* Given material
━━━━━━━━━━━━━━━━━━━━

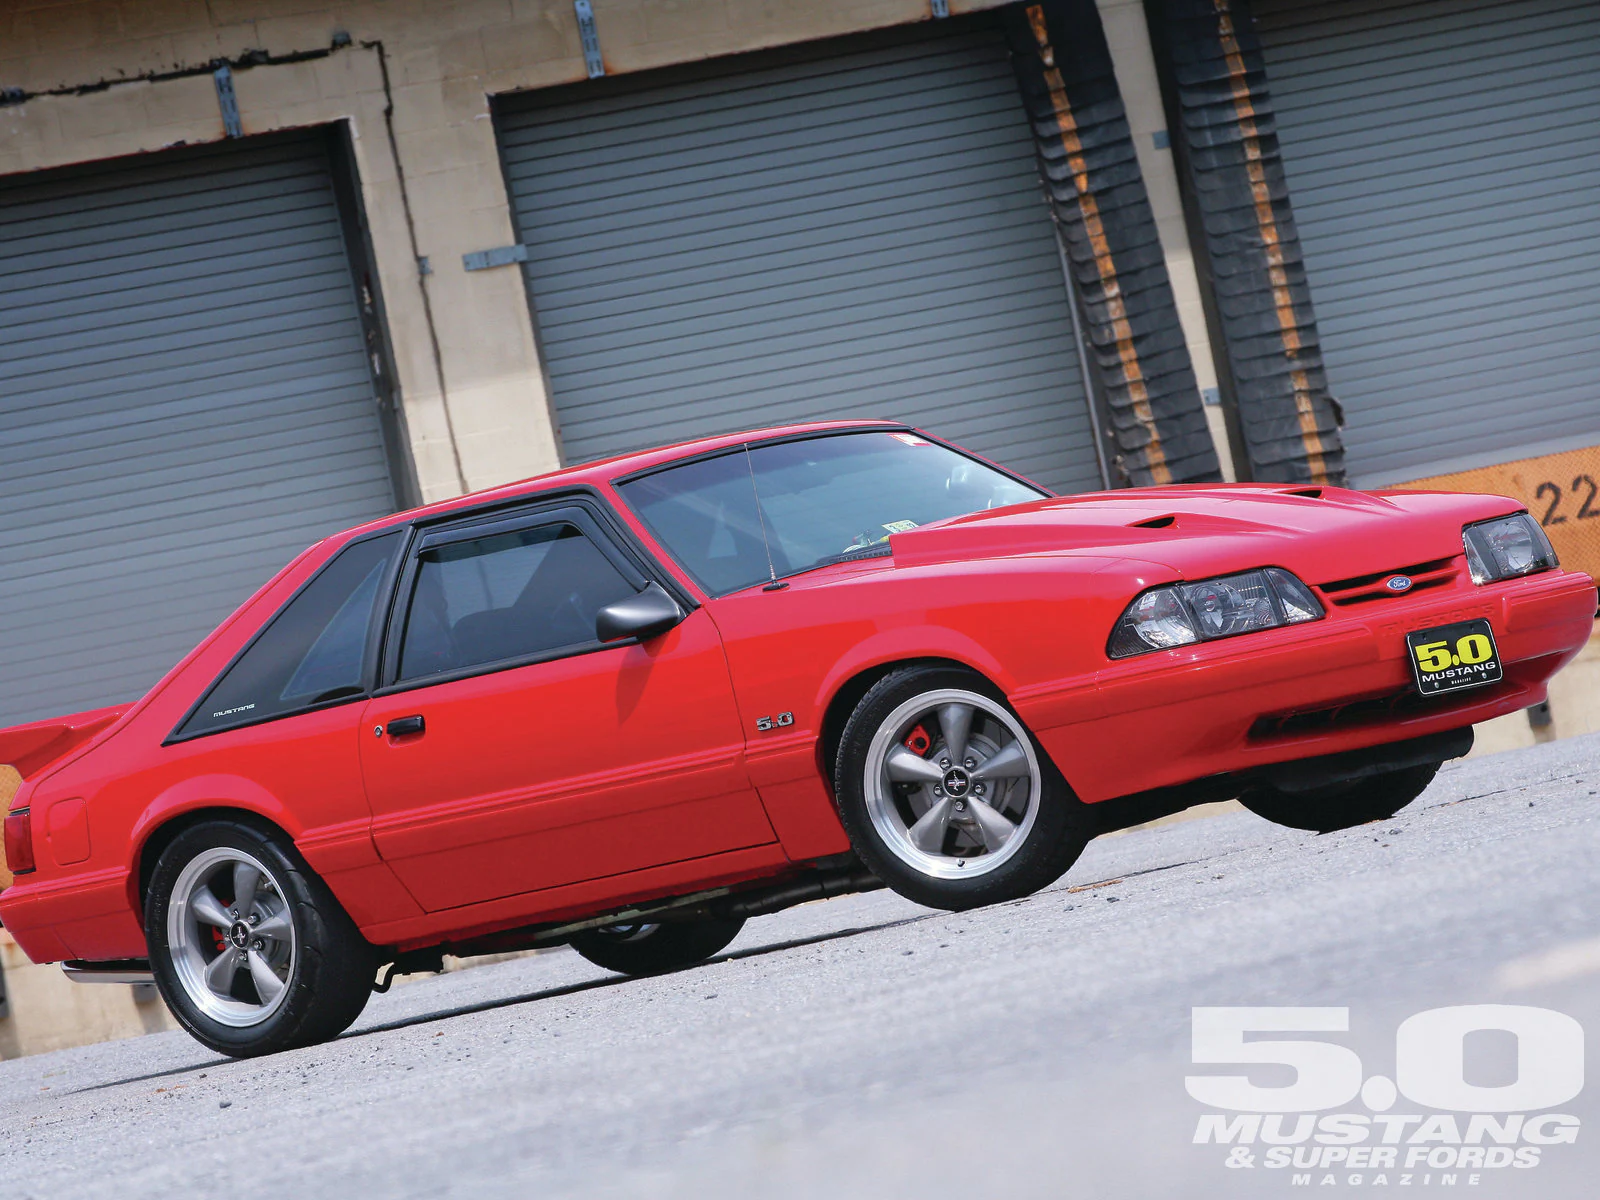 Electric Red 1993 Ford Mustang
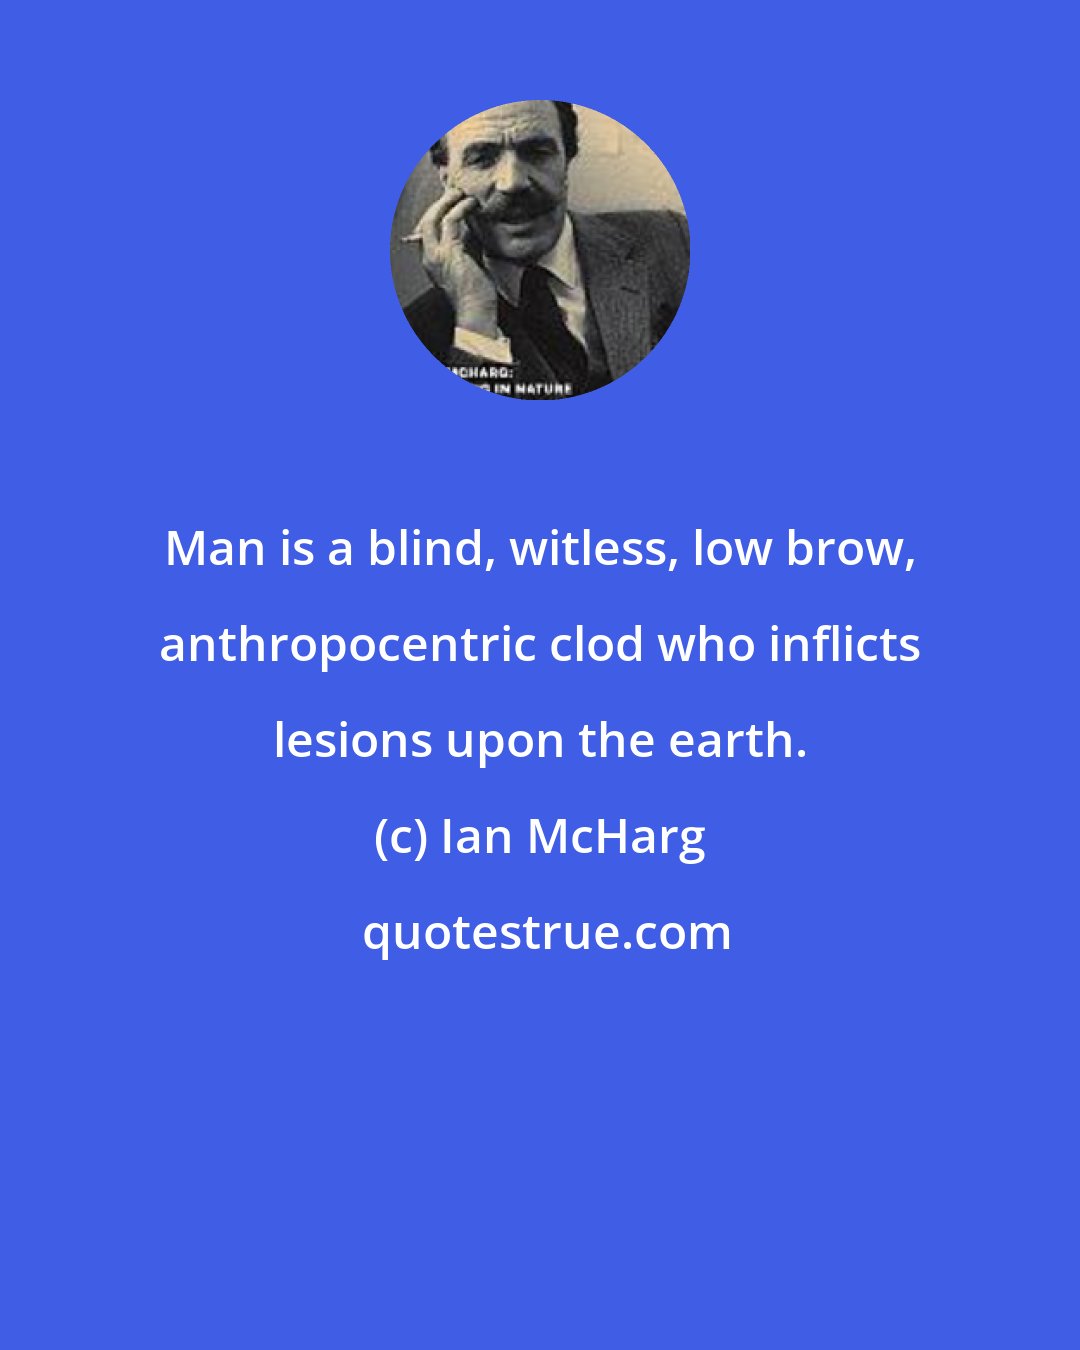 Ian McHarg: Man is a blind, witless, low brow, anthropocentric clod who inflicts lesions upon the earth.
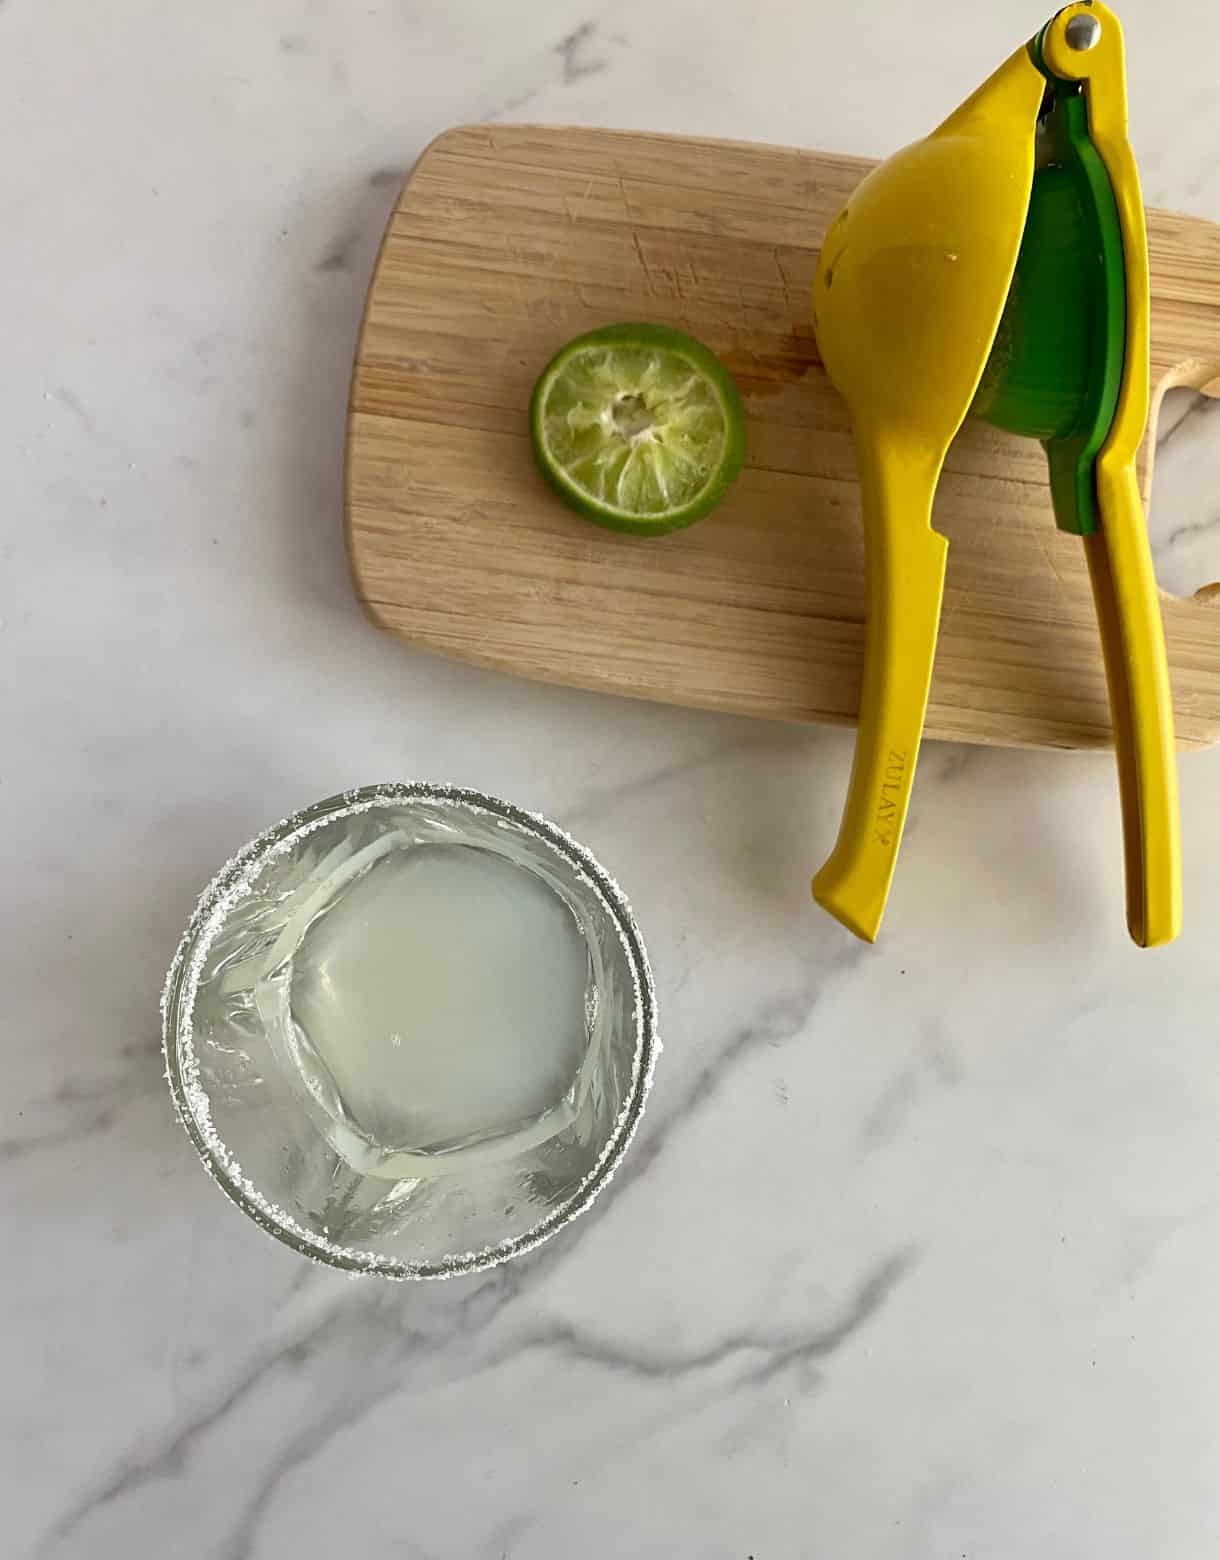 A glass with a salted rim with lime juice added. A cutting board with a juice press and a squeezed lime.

━━━━━━━━━━━━━━━━━━━━

From the data above, write out everything exactly except the pictures.

 Electric Red 1993 Ford Mustang
 Ian McHarg: Man is a blind, witless, low brow, anthropocentric clod who inflicts lesions upon the earth.
 A glass with a salted rim with lime juice added. A cutting board with a juice press and a squeezed lime.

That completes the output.